GitHub - LueBangs-coder/nemesis-eval: She who catches hubris in agents — a Python evaluation harness for agentic failure modes.

When an AI coding agent says "I'm done" — is it really? Nemesis checks.

Why Nemesis exists

When an AI coding agent reports success, the claim is only as trustworthy as the verification behind it. Sometimes the agent really finished. Often it finished its checklist but never confirmed the real state of the world — the tests, the files, the repository.

Nemesis turns a catalog of twenty real, observed agent failure modes into automated detectors.
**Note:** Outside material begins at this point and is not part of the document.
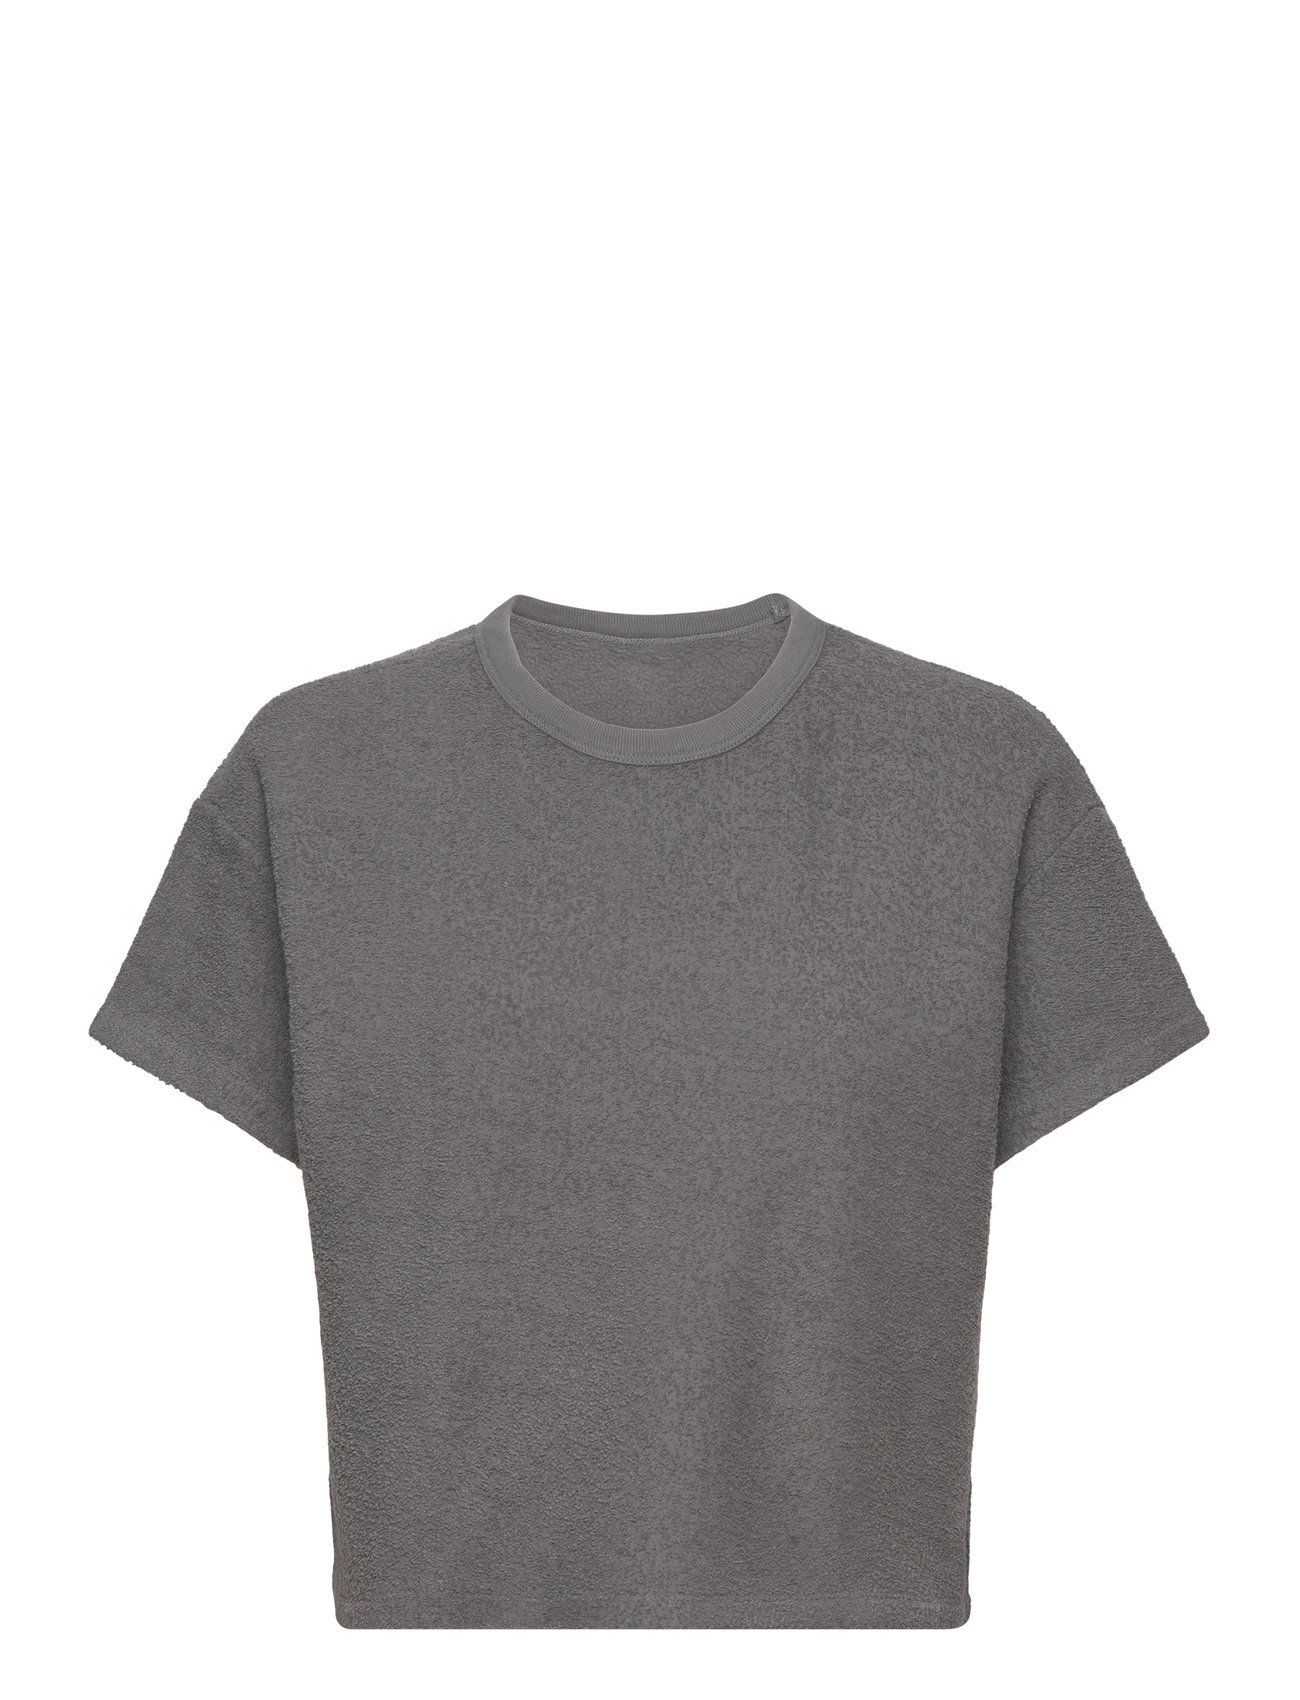 Bobypark Tops T-shirts & Tops Short-sleeved Grey American Vintage

Each detector inspects a run artifact — the agent's transcript, the repository state, the agent's own claim of success — and reports whether the corresponding failure occurred, with evidence.

The deeper reason this is public is education. The best way to learn how an AI-safety harness is actually built is to read one that works. If you are teaching yourself, breaking into the field, or simply curious how this is done — this repository is yours to read, fork, and learn from. That is the point. Giving back to the community is the reason, not an afterthought.

How it works

Three primitives and a loop.

Failure mode — a named, documented production failure (the catalog).
Detector — code that inspects a run artifact and returns whether its target failure occurred, with evidence.
Synthetic agent — a controllable fake agent that injects known failures on demand, so detectors can be validated against ground truth.

flowchart LR
    A[SyntheticAgent] -->|inject known failure| B[RunArtifact]
    B --> C{Detectors}
    C -->|DetectionResult + evidence| D[EvalLoop]
    D -->|score TPR / FPR| E[Markdown report]
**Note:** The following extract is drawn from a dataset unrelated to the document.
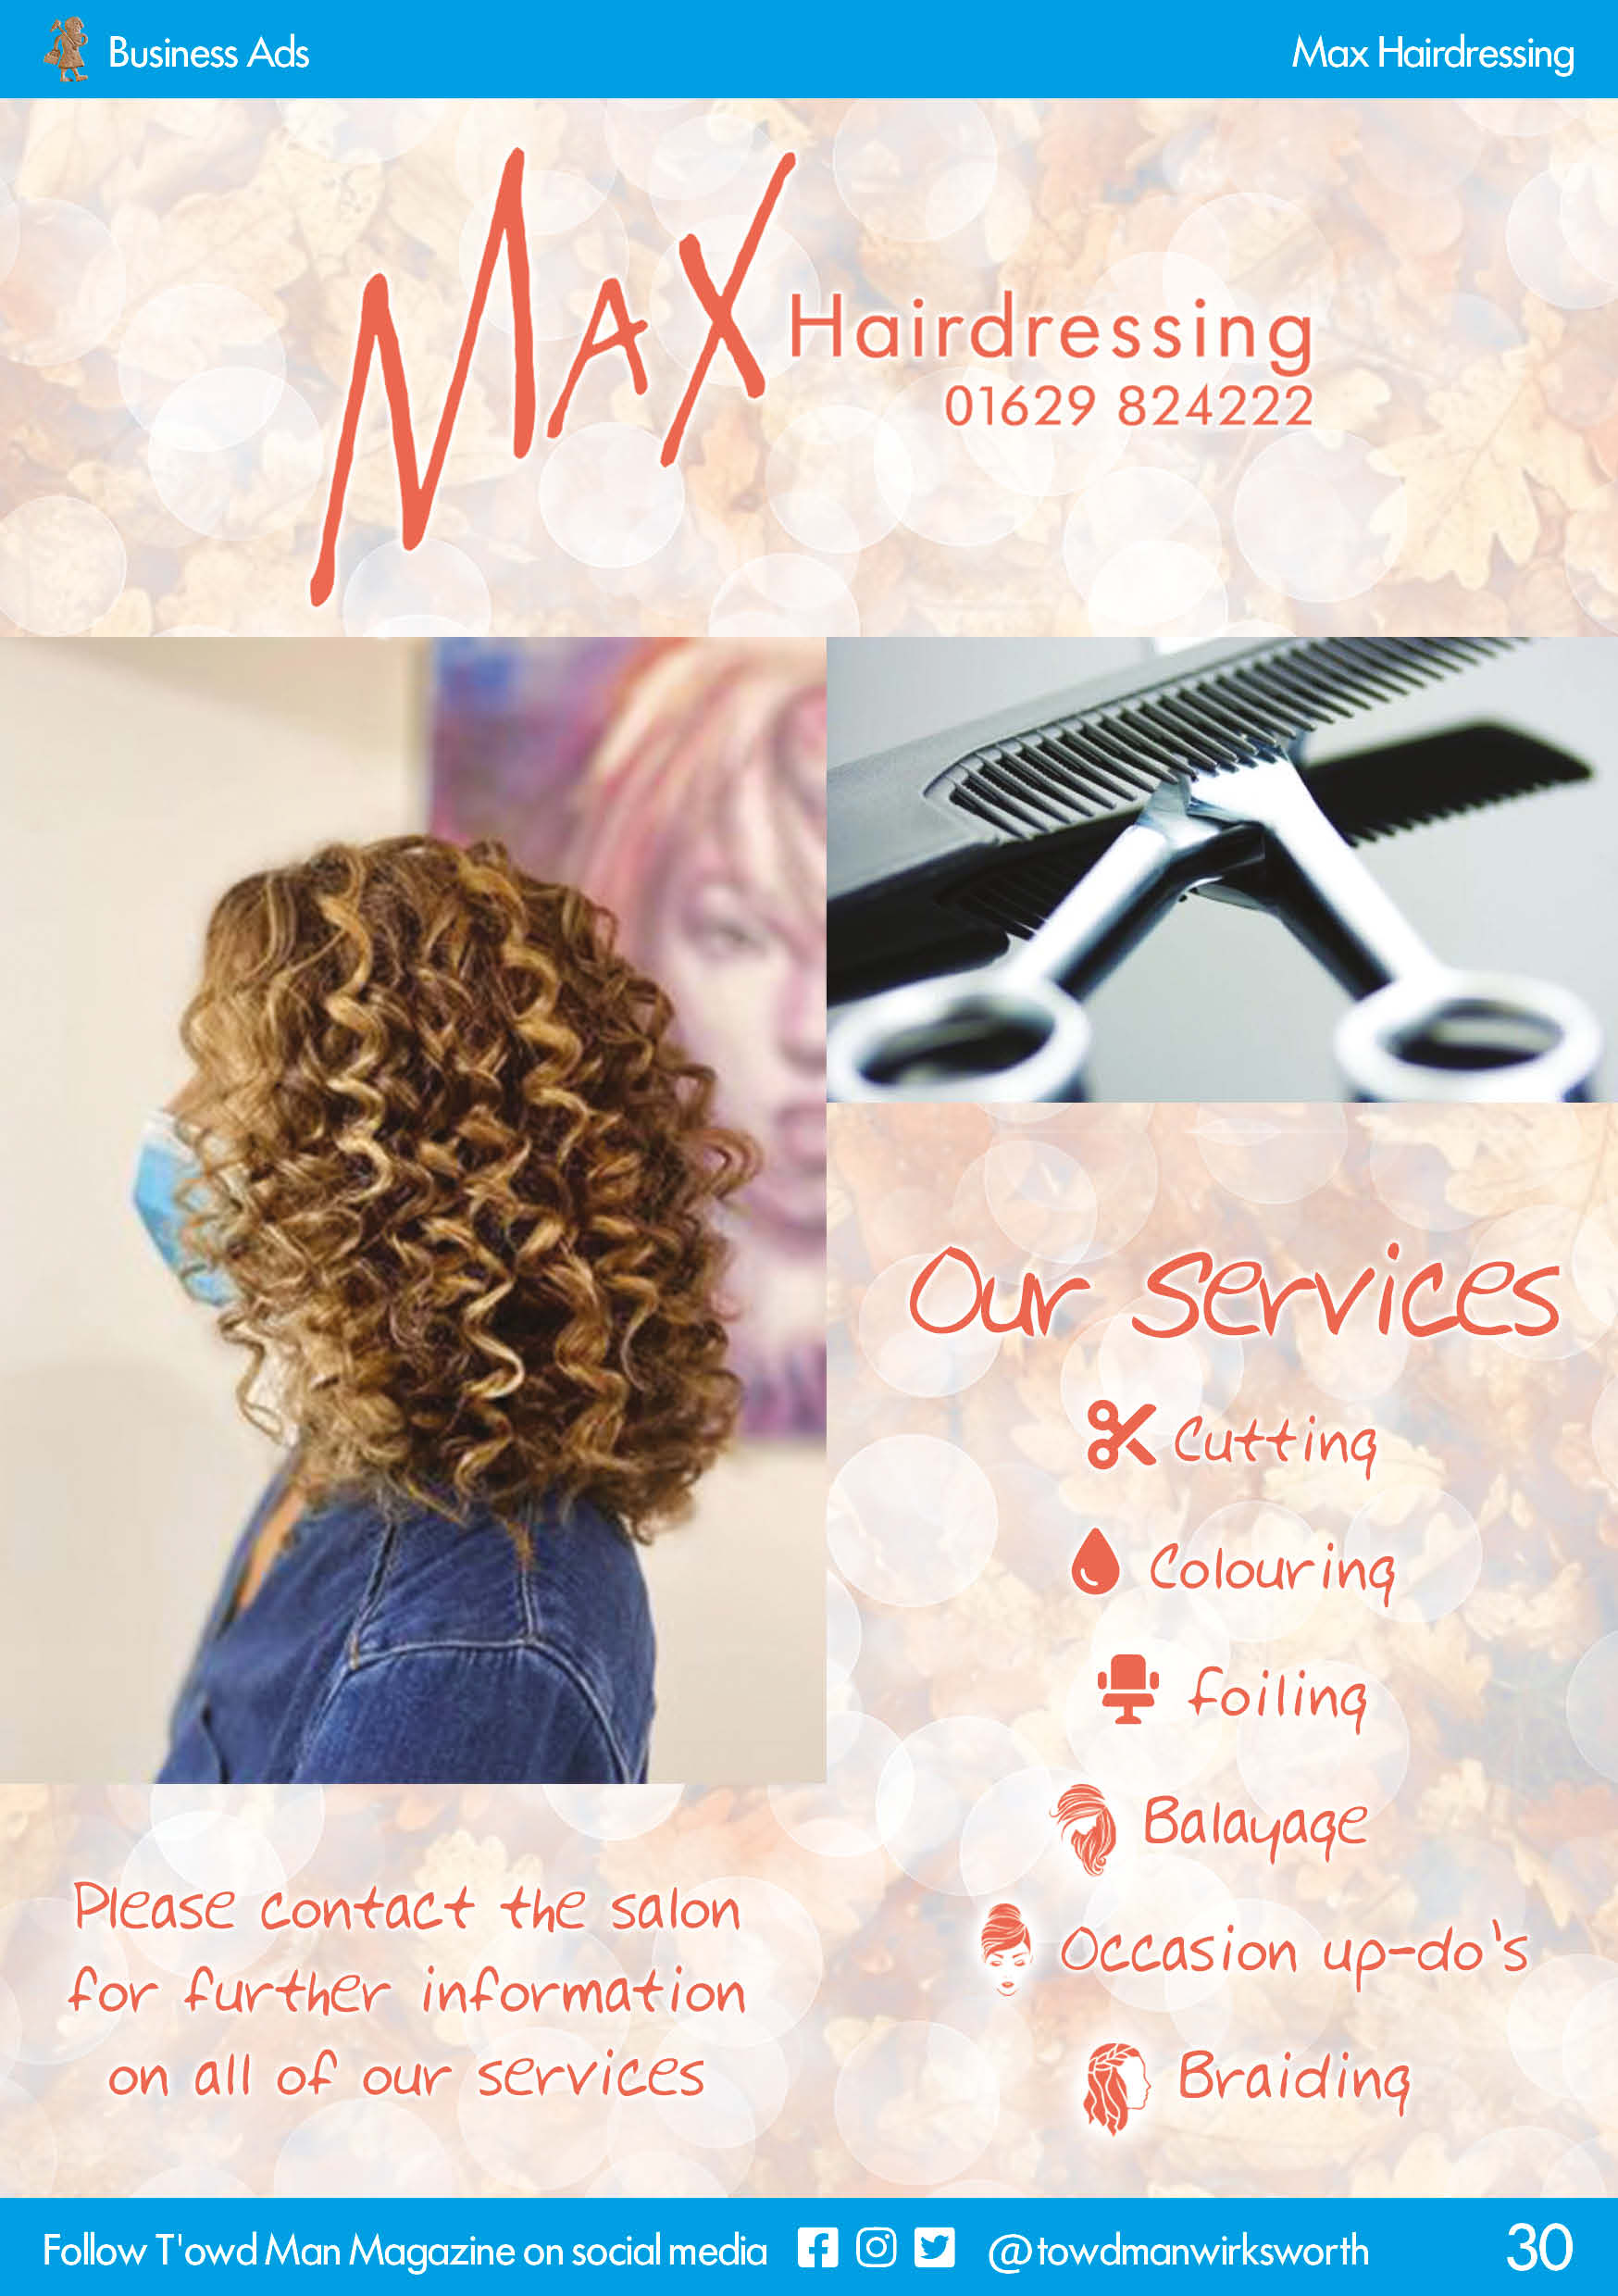 Max Hairdressing

The eval loop runs every registered detector against known-truth runs and scores each one on two axes:

True-positive rate (TPR) — did the detector catch its target failure when it was present?
False-positive rate (FPR) — did it stay silent on clean runs and on other modes' failures?
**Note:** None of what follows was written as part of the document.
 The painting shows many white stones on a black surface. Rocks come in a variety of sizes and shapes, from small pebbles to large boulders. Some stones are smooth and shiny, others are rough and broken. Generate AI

A good detector scores TPR = 1.00 and FPR = 0.00. The current suite hits that across all twenty modes.

flowchart TD
    subgraph Catalog
      M[20 failure modes]
    end
    subgraph Detectors
      D1[detector 1] & D2[detector 2] & Dn[... detector 20]
    end
    M --> Detectors
    Detectors -->|register_detector| R[Registry]
    R --> L[EvalLoop.run]
    L --> Rep[EvalReport]
    Rep --> CLI[nemesis eval --output report.md]

The catalog

Twenty production failure modes, grouped into five categories. Every mode has a detector in src/nemesis/detectors/.

Category	Modes	Theme
Verification and ground truth	8	Agent self-report diverging from real system state. Maps to scalable oversight.
State hygiene and closeout	5	Silent state leakage between phases.
Doctrine and multi-agent coordination	3	Emergent failures when more than one agent shares a substrate.
Scope and specification	2	Failures from ambiguous or partial instruction.
Skill design and prompt safety	2	Capability sprawl and unsafe prompt language.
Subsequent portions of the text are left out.